Note that in BIO_mem_dgram we will have to process and therefore understand the contents of struct mmsghdr ourselves. Therefore, initially we define a subset of struct mmsghdr as being supported, specifically no control messages; msg_name and msg_iov only.

The flags argument is defined by us. Initially we can support something like MSG_DONTWAIT (say, BIO_DONTWAIT).

Implementation Questions

If we go with this, there are some issues that arise:

Are BIO_mmsghdr, BIO_msghdr and BIO_iovec simple typedefs for OS-provided structures, or our own independent structure definitions?
- If we use OS-provided structures:
  - We would need to include the OS headers which provide these structures in our public API headers.
  - If we choose to support these functions when OS support is not available (see discussion below), We would need to define our own structures in this case (a “polyfill” approach).
- If we use our own structures:
  - We would need to translate these structures during every call.
    
    But we would need to have storage inside the BIO_dgram for m struct msghdr, m*v iovecs, etc. Since we want to support multithreaded use these allocations probably will need to be on the stack, and therefore must be limited.
    
    Limiting m isn't a problem, because sendmmsg returns the number of messages sent, so the existing semantics we are trying to match lets us just send or receive fewer messages than we were asked to.
    
    However, it does seem like we will need to limit v, the number of iovecs per message. So what limit should we give to v, the number of iovecs? We will need a fixed stack allocation of OS iovec structures and we can allocate from this stack allocation as we iterate through the BIO_msghdr we have been given. So in practice we could just only send messages until we reach our iovec limit, and then return.
    
    For example, suppose we allocate 64 iovecs internally:
```
struct iovec vecs[64];
```
    If the first message passed to a call to BIO_writem has 64 iovecs attached to it, no further messages can be sent and BIO_writem returns 1.
    
    If three messages are sent, with 32, 32, and 1 iovecs respectively, the first two messages are sent and BIO_writem returns 2.
    
    So the only important thing we would need to document in this API is the limit of iovecs on a single message; in other words, the number of iovecs which must not be exceeded if a forward progress guarantee is to be made. e.g. if we allocate 64 iovecs internally, BIO_writem with a single message with 65 iovecs will never work and this becomes part of the API contract.
    
    Obviously these quantities of iovecs are unrealistically large. iovecs are small, so we can afford to set the limit high enough that it shouldn't cause any problems in practice.

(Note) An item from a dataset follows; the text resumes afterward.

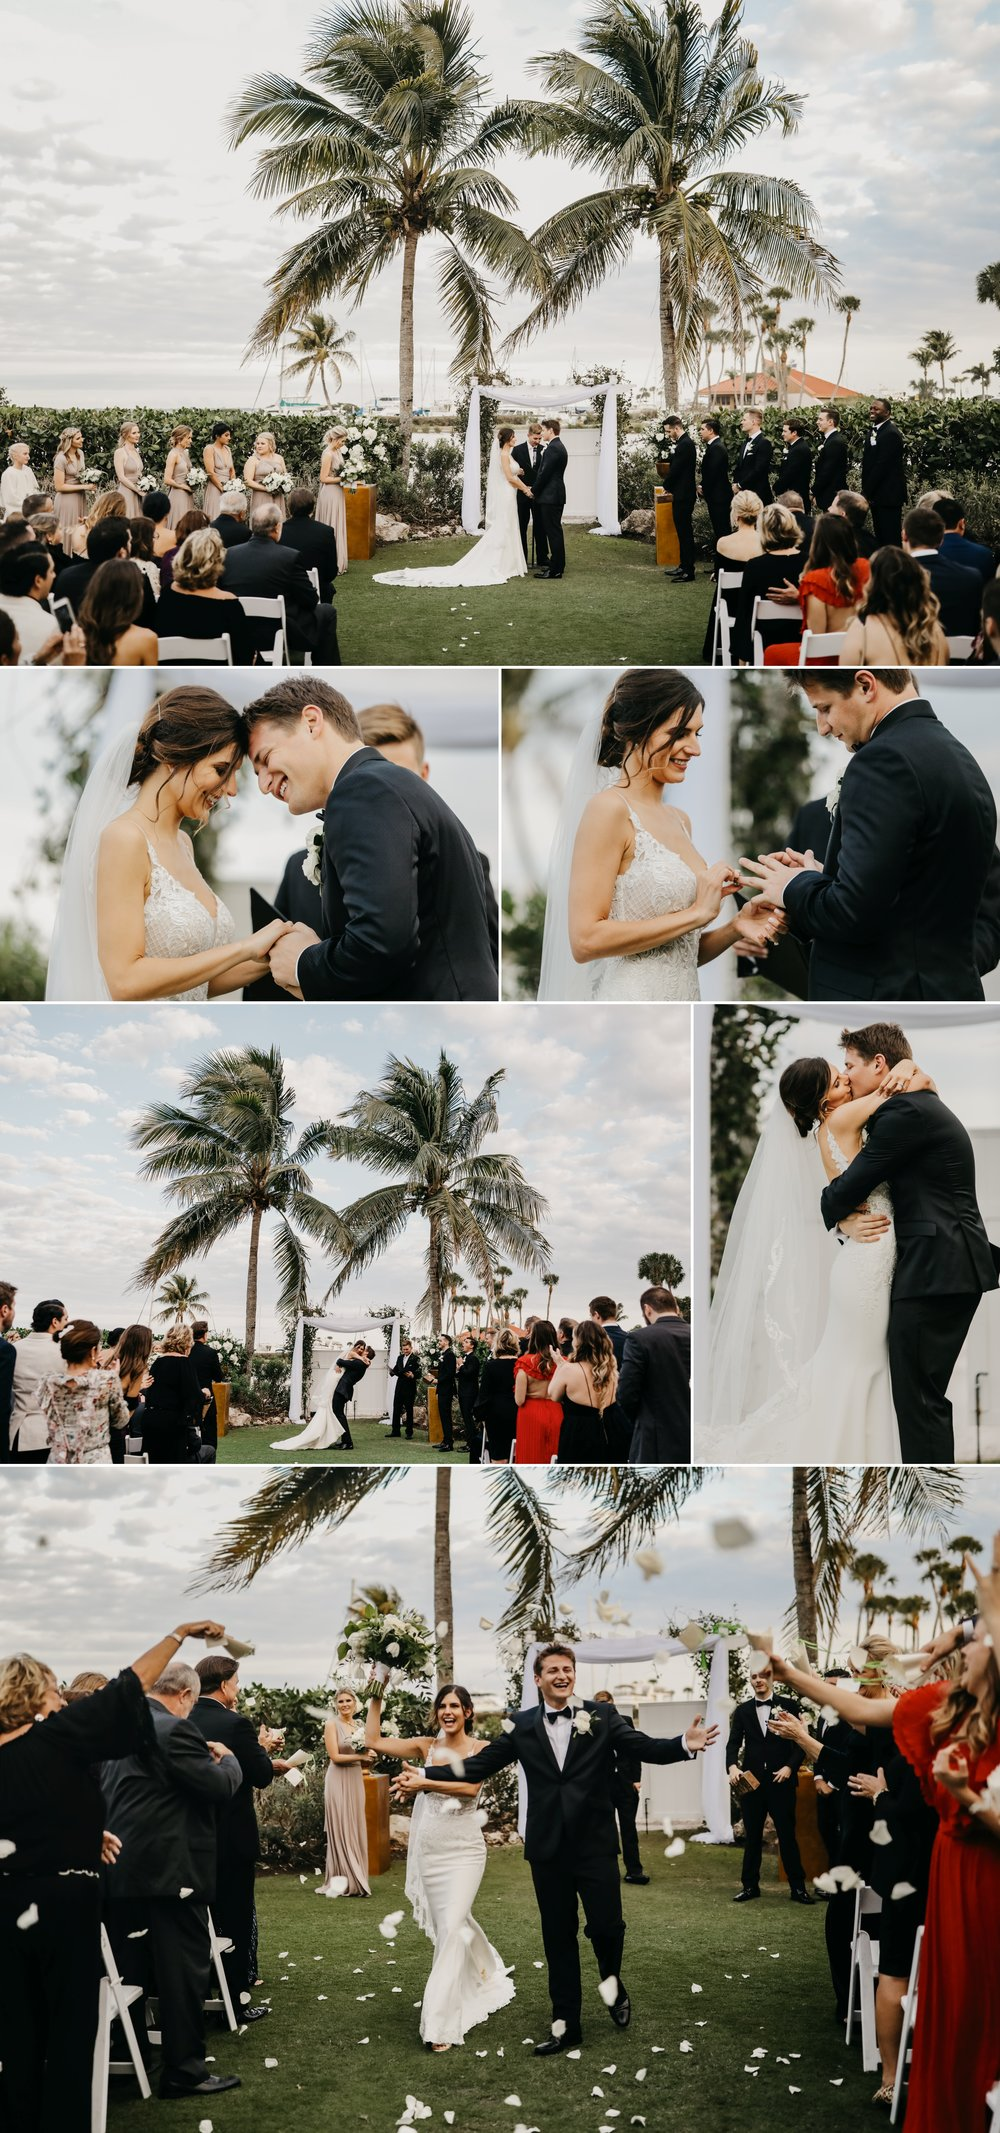 Luxe_tropical_travel_destination_wedding_photography_ShainaDeCiryan.com17.jpg

We can increase the limit later without a breaking API change, but we cannot decrease it later. So we might want to start with something small, like 8.
We also need to decide what to do for OSes which don't support at least sendmsg/recvmsg.
- Don't provide these functions and require all users of these functions to have an alternate code path which doesn't rely on them?
  - Not providing these functions on OSes that don't support at least sendmsg/recvmsg is a simple solution but adds complexity to code using BIO_dgram. (Though it does communicate to code more realistic performance expectations since it knows when these functions are actually available.)
- Provide these functions and emulate the functionality:
  - However there is a question here as to how we implement the iovec arguments on platforms without sendmsg/recvmsg. (We cannot use writev/readv because we need peer address information.) Logically implementing these would then have to be done by copying buffers around internally before calling sendto/recvfrom, defeating the point of iovecs and providing a performance profile which is surprising to code using BIO_dgram.
  - Another option could be a variable limit on the number of iovecs, which can be queried from BIO_dgram. This would be a constant set when libcrypto is compiled. It would be 1 for platforms not supporting sendmsg/recvmsg. This again adds burdens on the code using BIO_dgram, but it seems the only way to avoid the surprising performance pitfall of buffer copying to emulate iovec support. There is a fair risk of code being written which accidentally works on one platform but not another, because the author didn't realise the iovec limit is 1 on some platforms. Possibly we could have an “iovec limit” variable in the BIO_dgram which is 1 by default, which can be increased by a call to a function BIO_set_iovec_limit, but not beyond the fixed size discussed above. It would return failure if not possible and this would give client code a clear way to determine if its expectations are met.

Alternate API

Could we use a simplified API? For example, could we have an API that returns one datagram where BIO_dgram uses readmmsg internally and queues the returned datagrams, thereby still avoiding extra syscalls but offering a simple API.

The problem here is we want to support “single-copy” (where the data is only copied as it is decrypted). Thus BIO_dgram needs to know the final resting place of encrypted data at the time it makes the readmmsg call.

One option would be to allow the user to set a callback on BIO_dgram it can use to request a new buffer, then have an API which returns the buffer:

int BIO_dgram_set_read_callback(BIO *b,
                                void *(*cb)(size_t len, void *arg),
                                void *arg);
int BIO_dgram_set_read_free_callback(BIO *b,
                                     void (*cb)(void *buf,
                                                size_t buf_len,
                                                void *arg),
                                     void *arg);
int BIO_read_dequeue(BIO *b, void **buf, size_t *buf_len);

The BIO_dgram calls the specified callback when it needs to generate internal iovecs for its readmmsg call, and the received datagrams can then be popped by the application and freed as it likes. (The read free callback above is only used in rare circumstances, such as when calls to BIO_read and BIO_read_dequeue are alternated, or when the BIO_dgram is destroyed prior to all read buffers being dequeued; see below.) For convenience we could have an extra call to allow a buffer to be pushed back into the BIO_dgram's internal queue of unused read buffers, which avoids the need for the application to do its own management of such recycled buffers:

int BIO_dgram_push_read_buffer(BIO *b, void *buf, size_t buf_len);

On the write side, the application provides buffers and can get a callback when they are freed. BIO_write_queue just queues for transmission, and the sendmmsg call is made when calling BIO_flush. (TBD: whether it is reasonable to overload the semantics of BIO_flush in this way.)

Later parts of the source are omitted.